Automated key administrative processes, resulting in a time saving of 15 hours per week.

Customer satisfaction

Most small businesses rely on customer satisfaction — but so do larger ones, which makes it an ideal entry for your resume.

For example:

Maintained an average customer satisfaction rate of 95% over five years, according to annual surveys.

Staff development

Training others is a valuable skill in just about every role and industry. If you trained or managed employees other than yourself, make room for those accomplishments on your resume.

For example:

Developed a training program for employees that reduced turnover rate by 20%.

Marketing successes

Successful marketing shows initiative, communication, and business savvy. Even if you’re not applying for marketing roles, you should find a place to talk about those successes on your resume.

For example:

Negotiated a co-marketing partnership with a complementary business, leading to a 20% increase in customer referrals.

How to list your own business on a resume: Sample template

Here’s a sample resume for a self-employed business owner.

Business owner resume example
Business owner resume example

You can download this resume — and others — from our selection of Business Owner resume templates.

Common mistakes to avoid when writing a small business owner resume

Now that we’ve seen some examples of what to do when writing a resume as a business owner, let’s discuss what not to do.

Overemphasizing the "Owner" title

Running your own business is an impressive accomplishment — but not one that you should put a lot of weight on in and of itself. If you put too much emphasis on being the owner, it may make hiring managers wonder how you’ll fit into a corporate structure where you’re not the one in charge.

Avoid this by: Including examples of accomplishments that show your ability to work as part of a team and under supervision.

Not explaining why you're going from owner to employee

If you have “Business Owner” somewhere on your resume, most recruiters are going to wonder why you’re giving that up to go back to traditional employment. Did you buckle under pressure? Did the business fail? Were your skills not quite up to par?

Avoid this by: Addressing any potential concerns upfront in your cover letter or a brief resume summary. Whatever the reason, try to put a positive spin on it — for example, you could say that you're seeking new challenges or that you want to build on your skills in a larger organization.

Leaving off a failed business

No business owner in history has ever completely avoided failure. While it might be tempting to take a failed business off your resume, it’s better to leave it on.

Avoid this by: Focusing on what the experience taught you and how it has made you a better entrepreneur — after all, we learn more from our failures than from our successes.

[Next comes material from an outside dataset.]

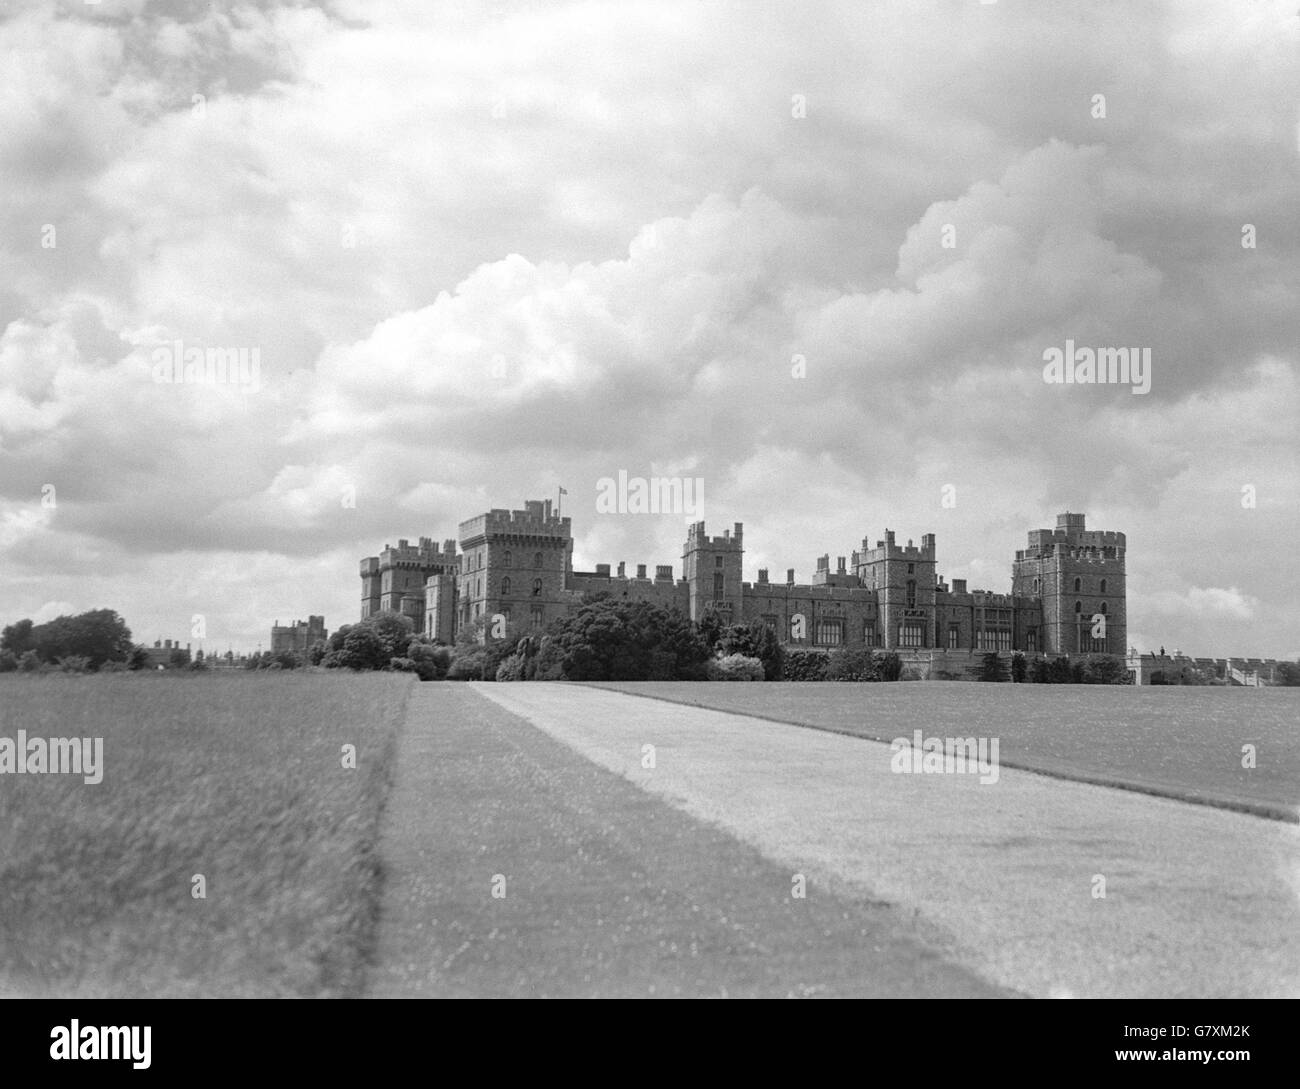 Royalty - Windsor Castle - 1939. The royal residence of Windsor Castle. Stock Photo

Assuming everyone understands your business

Not everybody is going to understand the ins and outs of business ownership. The more niche your industry, product, or service, the less likely it is that potential employers will understand its intricacies.

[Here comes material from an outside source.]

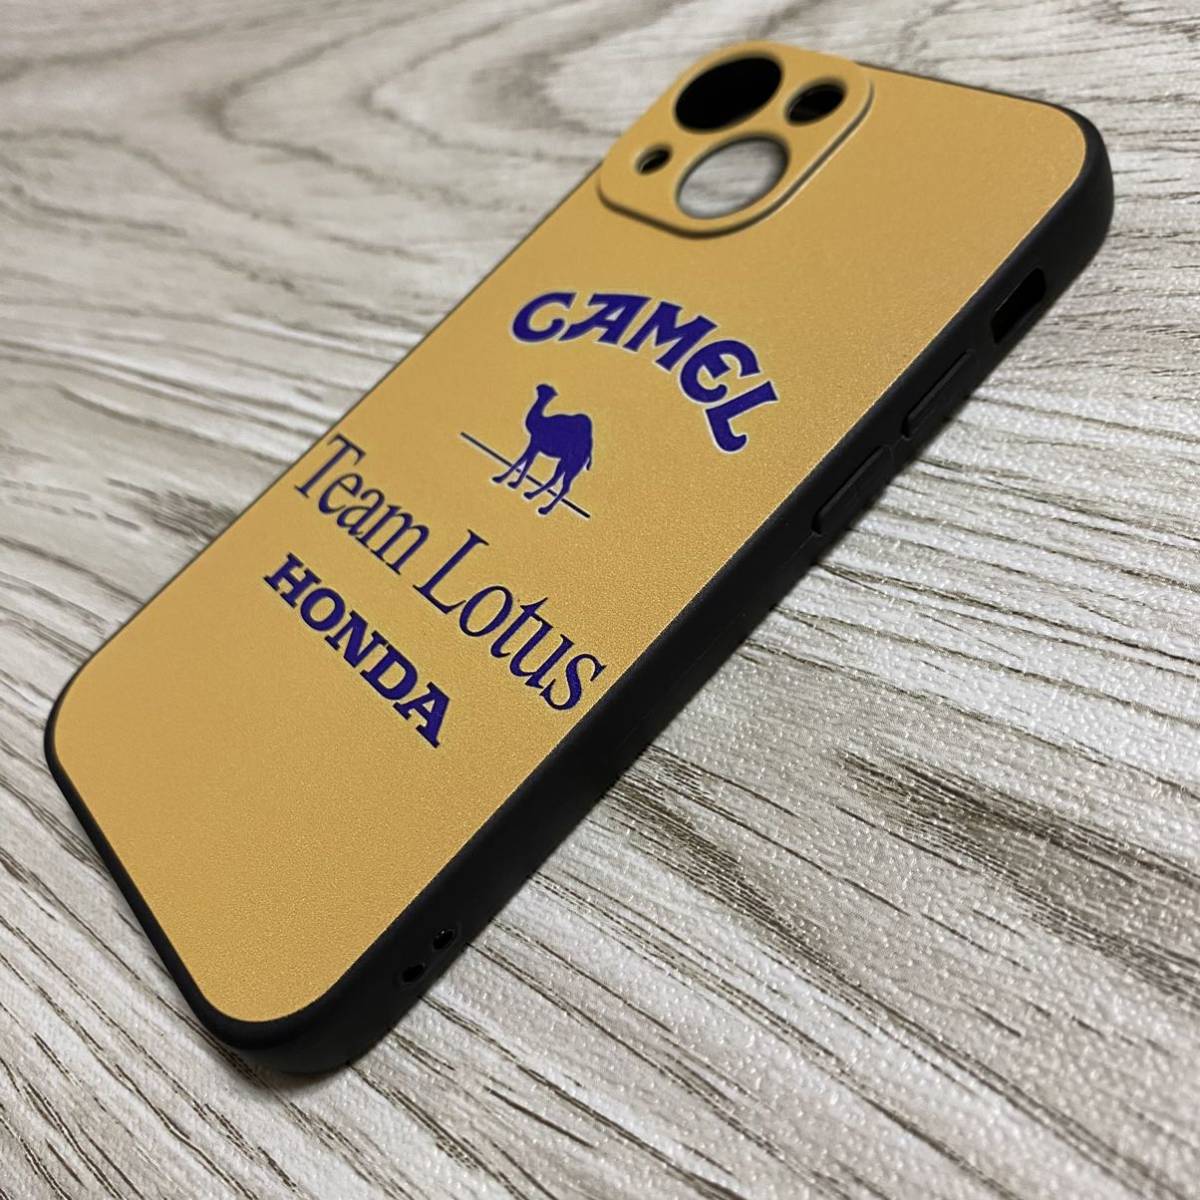  Camel Lotus Honda iPhone 13 mini case F1 i-ll ton * Senna smartphone

Avoid this by: Including a short blurb underneath your company name and job title that explains in everyday terms what you (and your business) did. And avoid all jargon, even if it seems common to you — use plain language instead.

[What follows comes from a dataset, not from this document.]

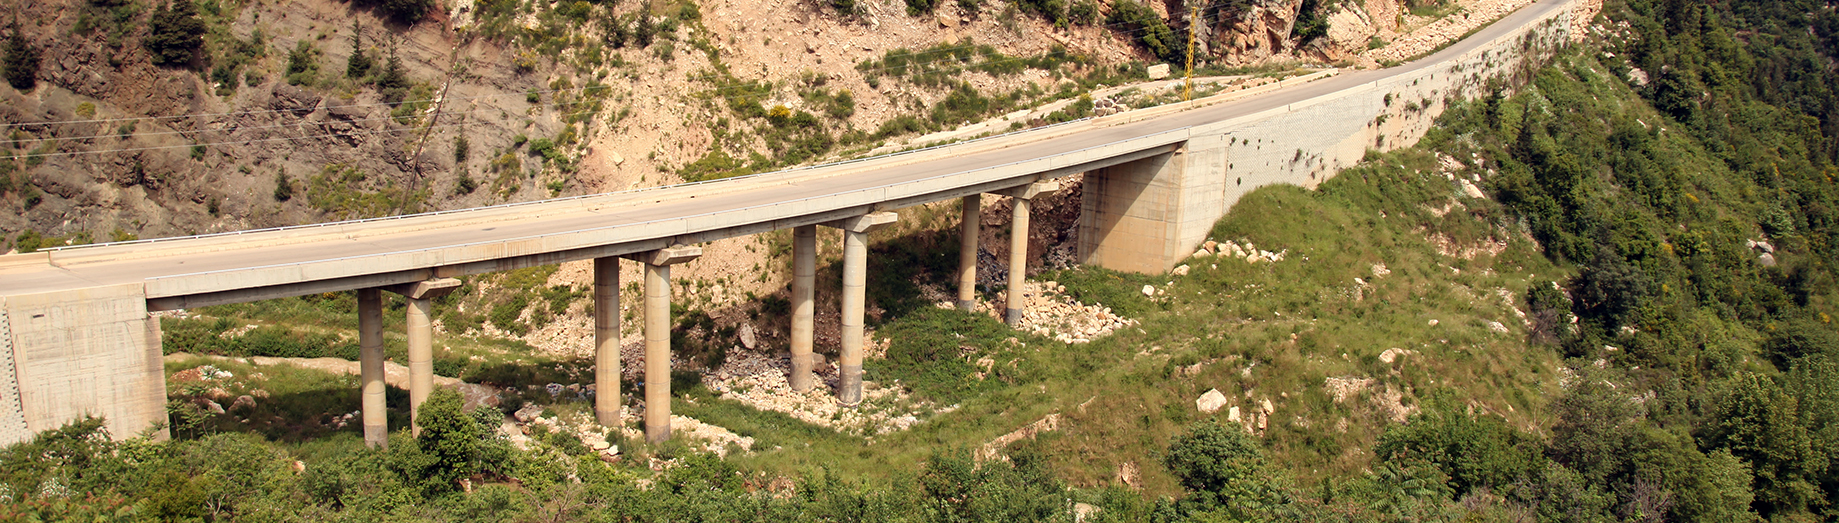 Construction of Mrah Sreij - Bakhoun - Taran Road

Failing to show your range of skills

As a business owner, chances are you’ve worn a lot of hats, from marketing and sales to HR and finance. Don’t let this go to waste — it’s okay to toot your own horn on your resume!

Avoid this by: Making a list of your skills, both hard and soft. List hard skills in your Skills section and soft skills in your Work Experience bullet points.

If you’re not sure which hard skills to include in your skills section, use the tool below to search for the job you’re applying for. It’ll give you a list of relevant hard skills.

Including every single task and accomplishment

On the other hand, it’s also possible to go too broad with your resume. Remember that your resume isn’t an autobiography – it’s a marketing document.

Avoid this by: Tailoring your resume to the specific job you’re applying for. You may end up with multiple (maybe even very different) versions of your resume for different roles or industries — lean into it.